Arriving in 1964 at the age of 21, he would begin to play for the club and would go on to win the 1964 Peruvian Primera División. He would oversee the club win various titles within the tournament including the 1966, 1967, 1969 and the 1971 editions of the tournament. He was known as being one of the most distinguished players of the 1960s, playing alongside other players such as Ángel Uribe, Enrique Rodríguez Piña, Héctor Chumpitaz, Roberto Chale and Luis Cruzado.
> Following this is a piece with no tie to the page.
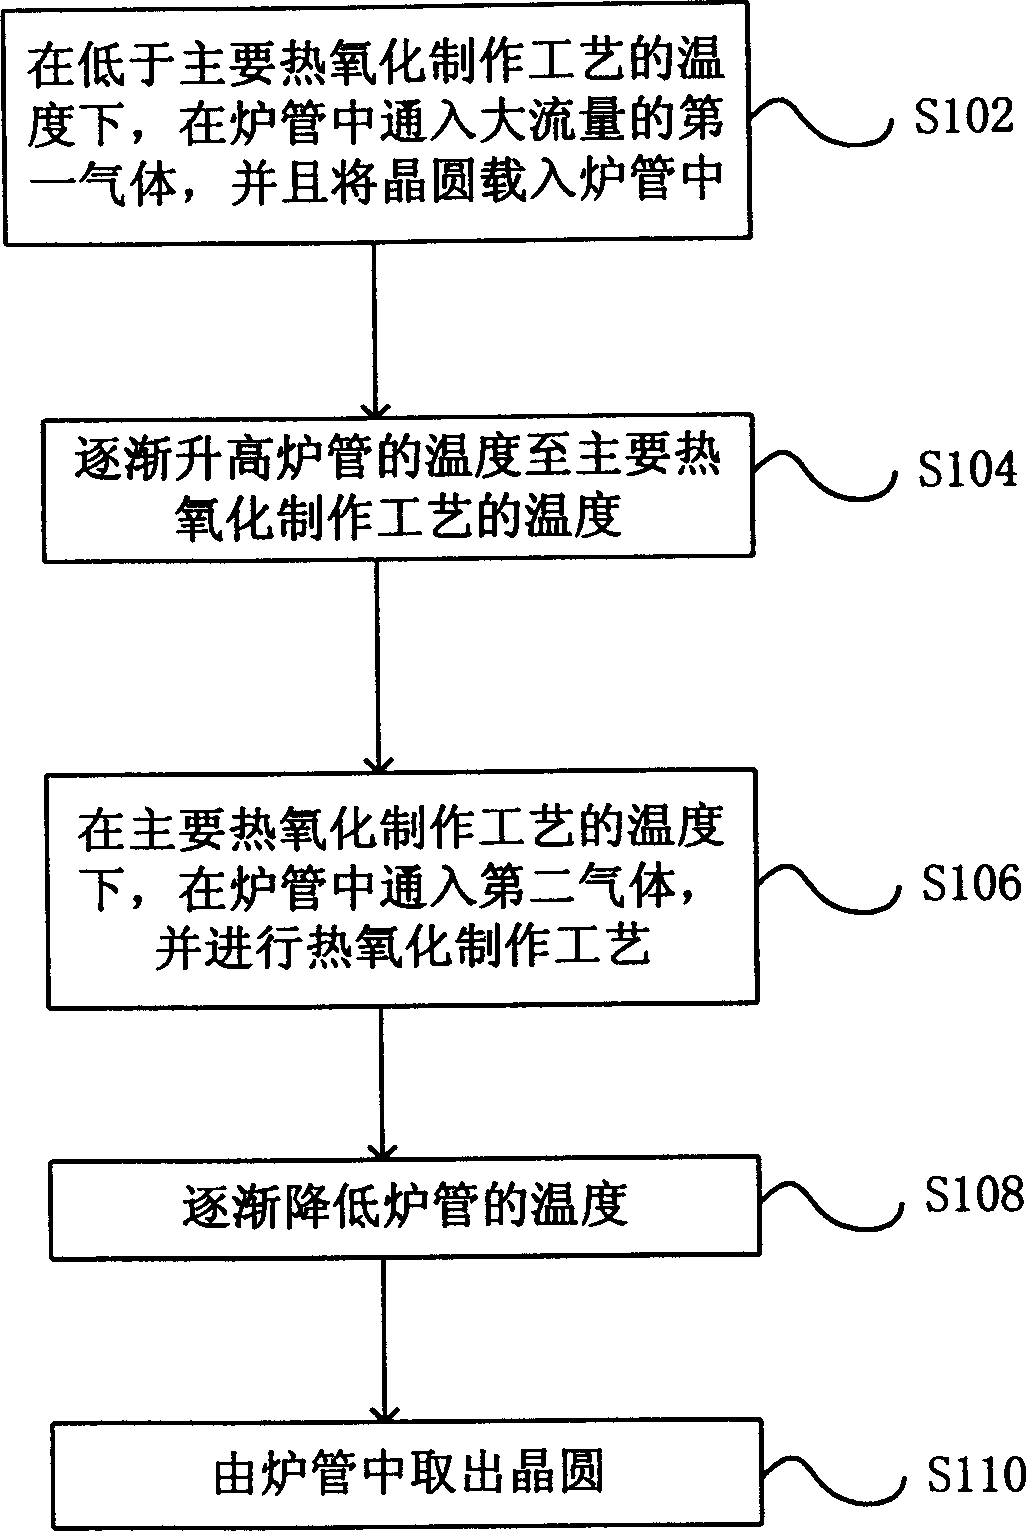 Thermal-oxidative production process of semiconductor wafer

He would also play in various editions of the Copa Libertadores with the most notable run was where he would reach the finals of the 1972 edition.

Following this, he would play for Walter Ormeño in 1974 and Defensor Lima from 1975 to 1977 before retiring.

==International career==
He would make his international debut in the 1965 Copa del Pacífico in a 4–1 loss to Chile. He would play in seven matches in two years with his final match being in a friendly against Japan in 1967.